Opinion
Civil Action BCD-REA2023-00010
07-19-2023
THOMAS CONNOR and ALYSSA K. MAZEIKA v. ALICE MAZEIKA and DAVID MAZEIKA
ORDER
Thomas R. McKeon, Justice.
The Plaintiffs own real property as tenants in common with the Defendants. Defendants are the parents of Plaintiff Alyssa Mazeika. Plaintiff Thomas Connor is their son in law. The property is a two-unit residential property on a single lot. Plaintiffs have filed this equitable partition action asking the court to order the sale of the property and to divide the proceeds. Defendants counterclaimed. They seek a statutory partition where the property is physically divided between them.
Plaintiffs file this motion for summary judgment asking the court to order the sale of the property. They assert that Defendants failed to generate a genuine issue of material fact that would allow the Defendants any remedy other than a sale.
Statutory partition may be carried out only by physical division of the jointly owned real estate. 14 M.R.S.A. § 6501; Libby v. Lorrain, 430 A.2d 37, 39 (Me. 1981). Equitable partition is a more flexible procedure than the statutory action for partition. Libby, 430 A.2d at 39. Remedies may include physically division of the property, ordering a sale of the property, or allowing a buy out of the property. Id Physical division of the property is not appropriate if it would materially injure the rights of the parties. See Murphy v. Daley, 582 A.2d 1212, 1213 (Me. 1990). An order allowing one party to "buy out" the other party would require that the party seeking to buy out the other party have the necessary financial capacity. See Hutz v. Alden, 2011 ME 27, ¶ 13, 12 A.3d 1174. Ultimately, it is in the court's discretion to require a sale or allow a buyout after weighing all the equities. See id
In their summary judgment motion, the Plaintiffs argue that the Defendants have not generated a genuine issue of material fact in order to allow the court to employ either the "physical division" OT the "buy out" remedies. To survive a motion for summary judgment, the nonmoving party must establish a prima facie case for every element of the party's cause of action. See Saveli v. Duddy, 2016 ME 139, ¶ 18,147 A.3d 1179. The court considers reasonable inferences that may be drawn from the facts. Curtis v. Porter t 2001 ME 158, ¶ 9, 784 A.2d 18. "When facts or reasonable inferences are in dispute on a material point, summary judgment may not be entered." Id. In addition, in a partition claim sounding in equity, there must be no genuine issue of material fact affecting either the equitable claims or the equities that must be considered. Hutz, 2011 ME 27, ¶ 11, 12A.3d 1174.

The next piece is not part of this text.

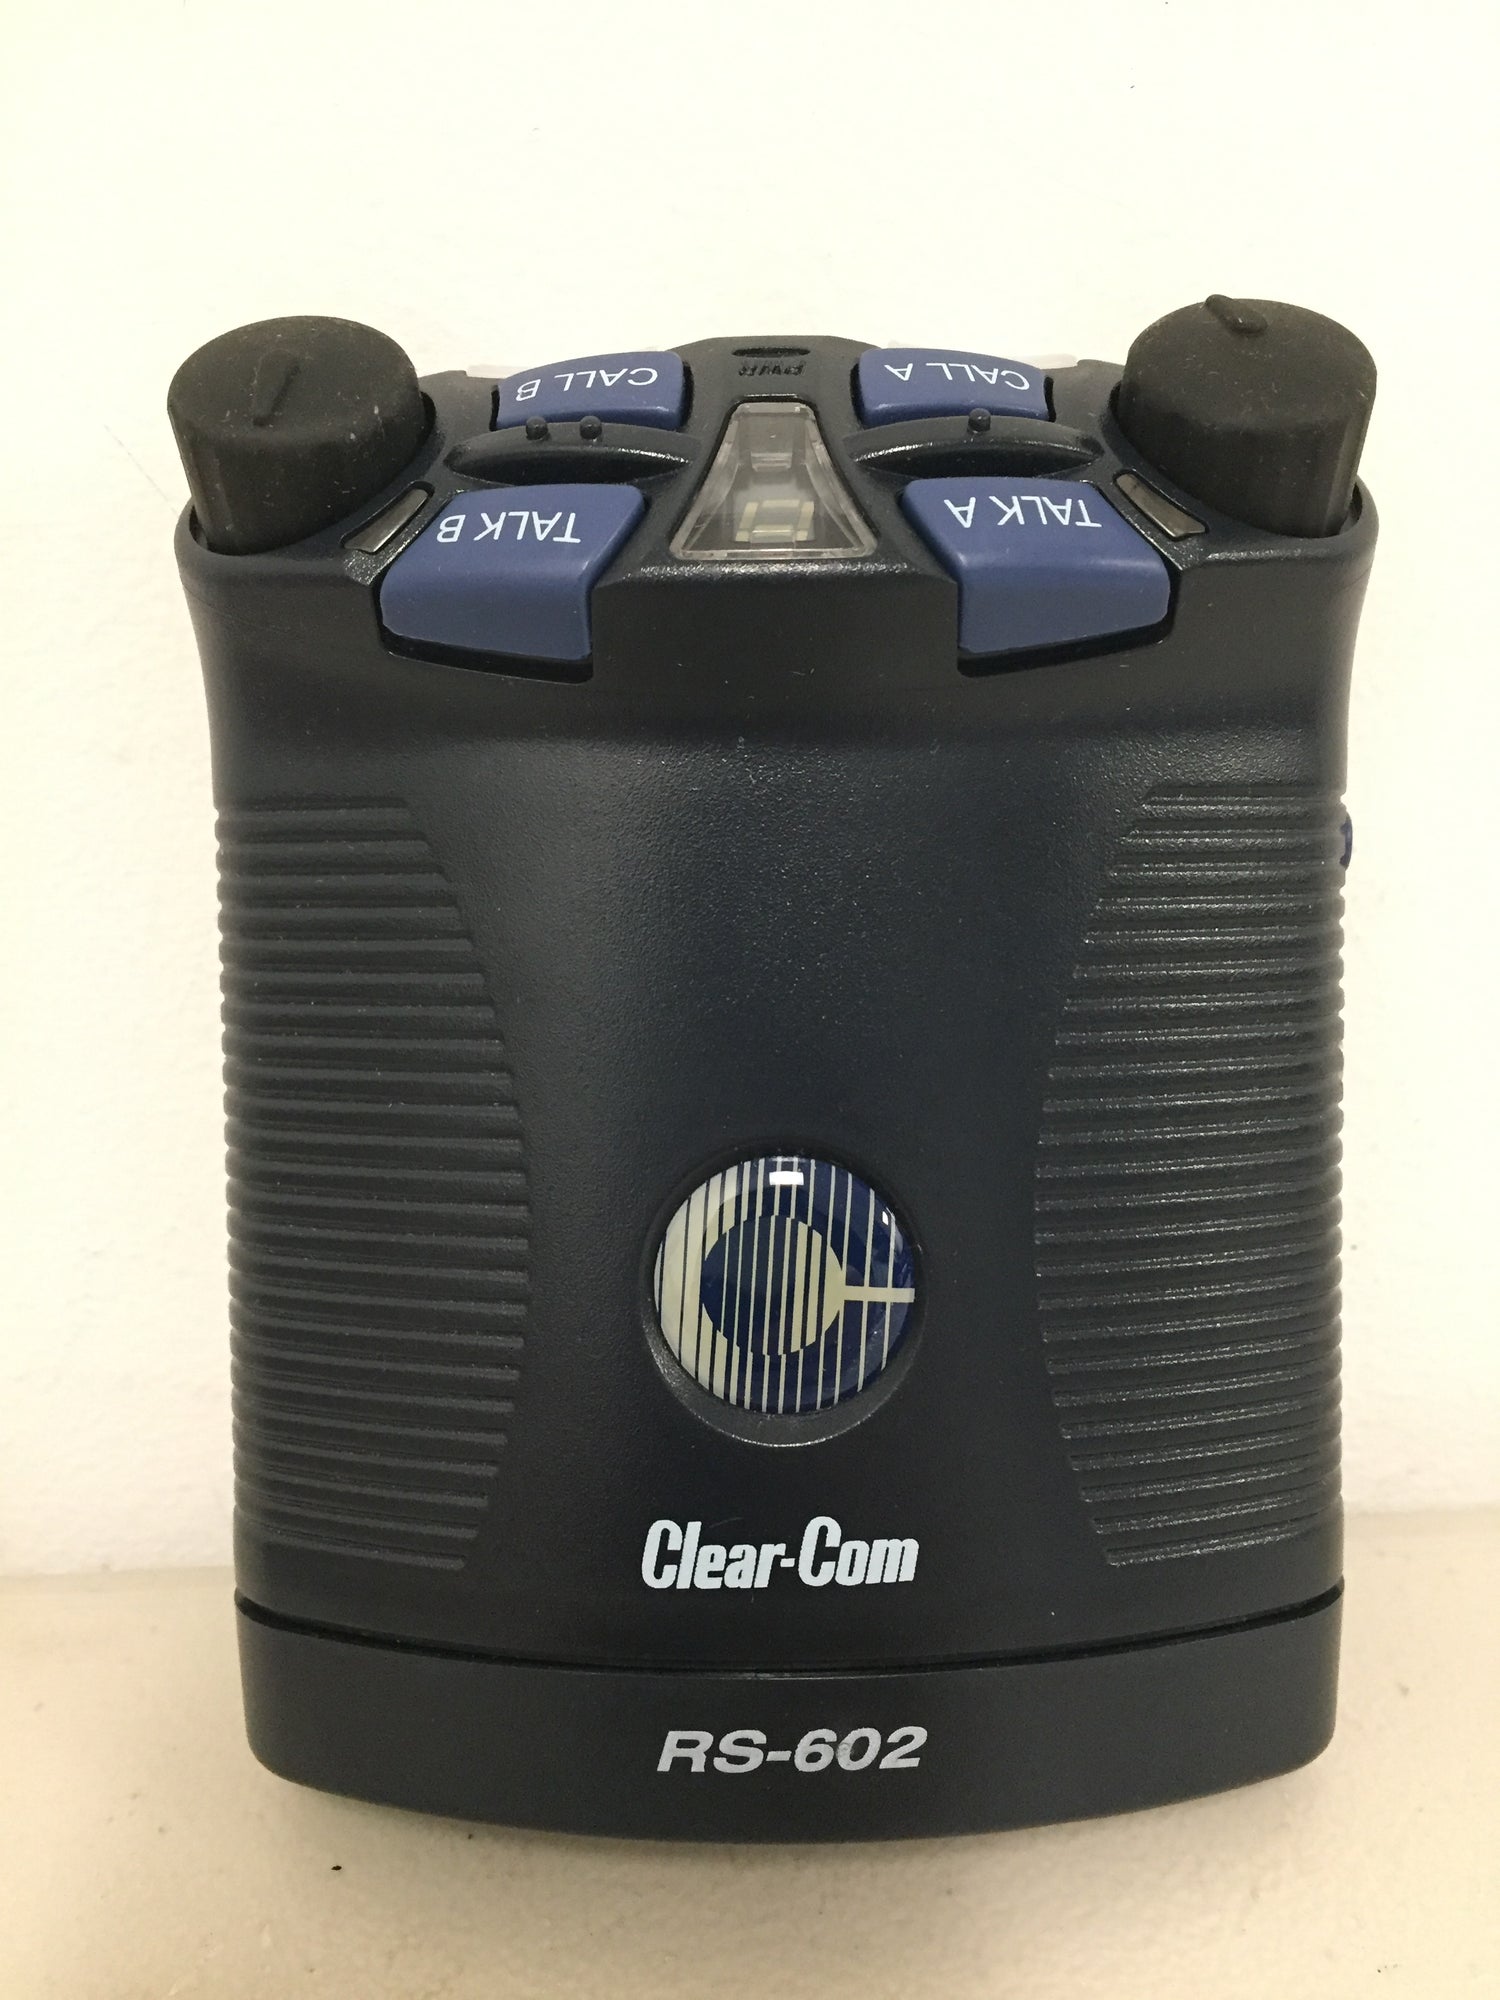 Used Clear-Com RS-602 2ch Wired Intercom Pack, We Sell Professional Audio Equipment. Audio Systems, Amplifiers, Consoles, Mixers, Electronics, Entertainment, Live Sound

The court concludes that Defendants have generated a genuine issue of material fact sufficient to avoid summary judgment in this matter sounding in equity. Their Statement of Material Facts incorporates the affidavit of Alice Mazeika. With respect to the physical division, Mazeika asserts that the two-unit building can be physically partitioned and that they can refinance the single mortgage. While her averments would probably be insufficient to persuade the court at a hearing, the court cannot say as a matter of law that a physical division is impractical. Defendants did not provide evidence that the Town ordinances would allow a division, but Plaintiffs did not raise the issue in their Statement of Material Facts. The same is true of whether the property could be returned to a condominium, the property could be refinanced, or divided in more than two ways. A plaintiff opposing a motion for summary judgment is not required to establish in the written material filed in opposition to the motion a prima facie case for those elements of the cause of action not challenged by the defendant. Corey v. Norman, Hanson, & DeTroy, 1999 ME 196, ¶ 9, 742 A.2d 933.
With respect to the potential of a buyout by one side or another, the court has no information to determine whether that would be an appropriate remedy. In their briefs, Plaintiffs ask that the parties be provided with the opportunity to buy one another out. The proposed order, however, makes no reference to that request. Finally, the court has no information to determine whether the method of the proposed sale is the appropriate here. The court appreciates that the Plaintiffs are eager to start the sale process and notes that a hearing is set in about six weeks. It certainly may be that a court-ordered sale is the appropriate result, but the court cannot make the appropriate equitable determinations based on the scant record offered by the Plaintiffs' or the Defendants' brief responses.
Plaintiffs' motion for summary judgment is DENIED. This Order is incorporated on the docket by reference pursuant to M.R. Civ. P. 79(a).